The Face of Poverty in Nigeria is a publication compiling data and analysis that explores the poverty challenges Nigerians face today. The research project supported by the Rosa Luxemburg Foundation and the Yusuf Bala Usman Institute, expands on Usman’s seminal observation of the impending risks Nigeria faces in 1986 in his book Nigeria Against the IMF: The Home Market Strategy.
Dr Usman would be saddened but not surprised by the statistical and physical depth of poverty and misery Nigerians have sunk into since then. Based on focus interviews with 55 people, comprising 26 women and 29 men, within the ages of 30 to 73 across all regions of the country.
Majority of those interviewed were in the age category of 40 to 60, followed by those within ages 30 to 45, and about eight interviews above 61 years. The interviewees have varying degrees of education, occupations, ethnicities and are urban and rural dwellers.
Their responses while of generic importance as it puts into context the limits of their individual circumstances in view of the nation’s poor management but lays no claims to generalizable factual certainties. The findings are indicative of certain trends and conditions, useful insights that can shed light on the ways individuals in Nigeria cope with poverty. To determine the impact and level of poverty amongst Nigerians, the research focused on three parameters, food, shelter/housing and education.

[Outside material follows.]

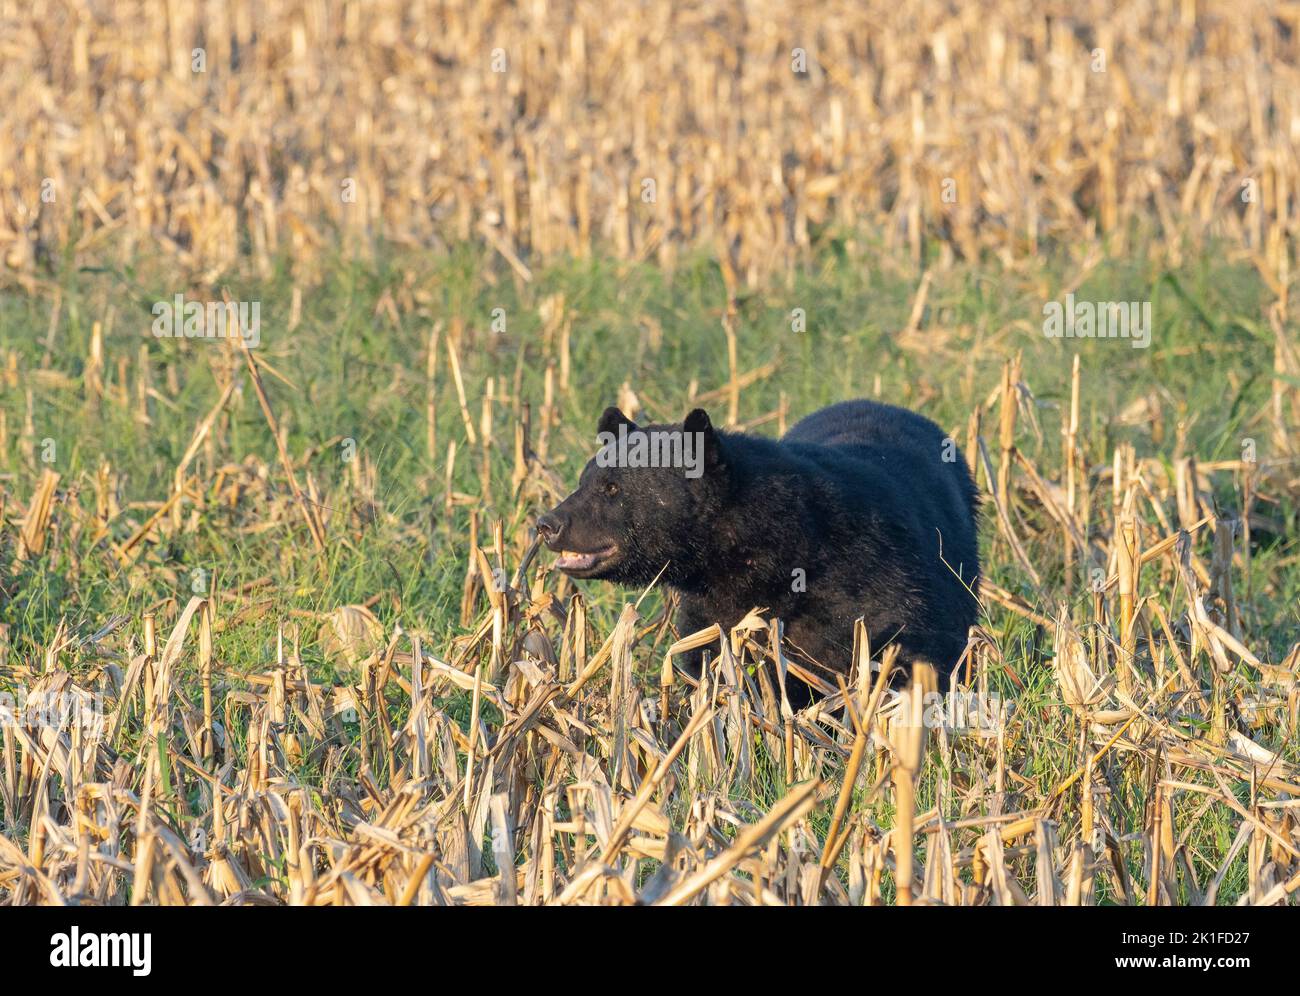 American Black Bear (Ursus americanus) browsing in cornfield Stock Photo

Heart wrenching narratives from respondents show about 52 percent can afford two square meals a day, while 20 percent eat once to zero meal per day. Rising inflation since the onset of COVID 19 pandemic till date, an Abuja respondent decried, meant that N500 is practically meaningless in the market.
For shelter, most of the interviewees live in homes that are congested, with inadequate facilities, substandard structures and oftentimes uncertainty over their occupancy. The structures vary from mud to zinc sheets or wood, uncompleted buildings and many of them without access to water or electricity, whether rented, self-owned, loaned or squatting, ‘sometimes with as many as nine persons or more in a room’ (p.51).
As for education, only 42 percent of respondents were able to educate all of their children to various educational levels, 11 percent have not sent any of their children to school, while others simply could not afford to. Besides endemic corruption, other causes of distress that fosters poverty in the country include effects of climate change on farming and herder communities, and land grabbing.
In the final chapters, the report recommended intensification of campaigns for child spacing to create better situation for the good health of women and children; improved and expanded education for girls and women; addressing desertification, soil erosion and other impacts of climate change, democratization of local institutions that will incorporate and give voice to the users of the land among others.
Drs Usman and Olusegun Osoba’s 1976 work titled The Minority Book and Draft Constitution for the Federal Republic of Nigeria highlights the urgent need to address poverty in Nigeria “lawlessness and corruption have become so pervasive and endemic in all sectors of state, society and economy that any strategy of change that is short of the ‘root and branch’ overthrow of the existing order is doomed to fail.
Rather than getting stuck in the negativity, The Face of Poverty in Nigeria should be the grim reality that galvanizes systemic change in the country.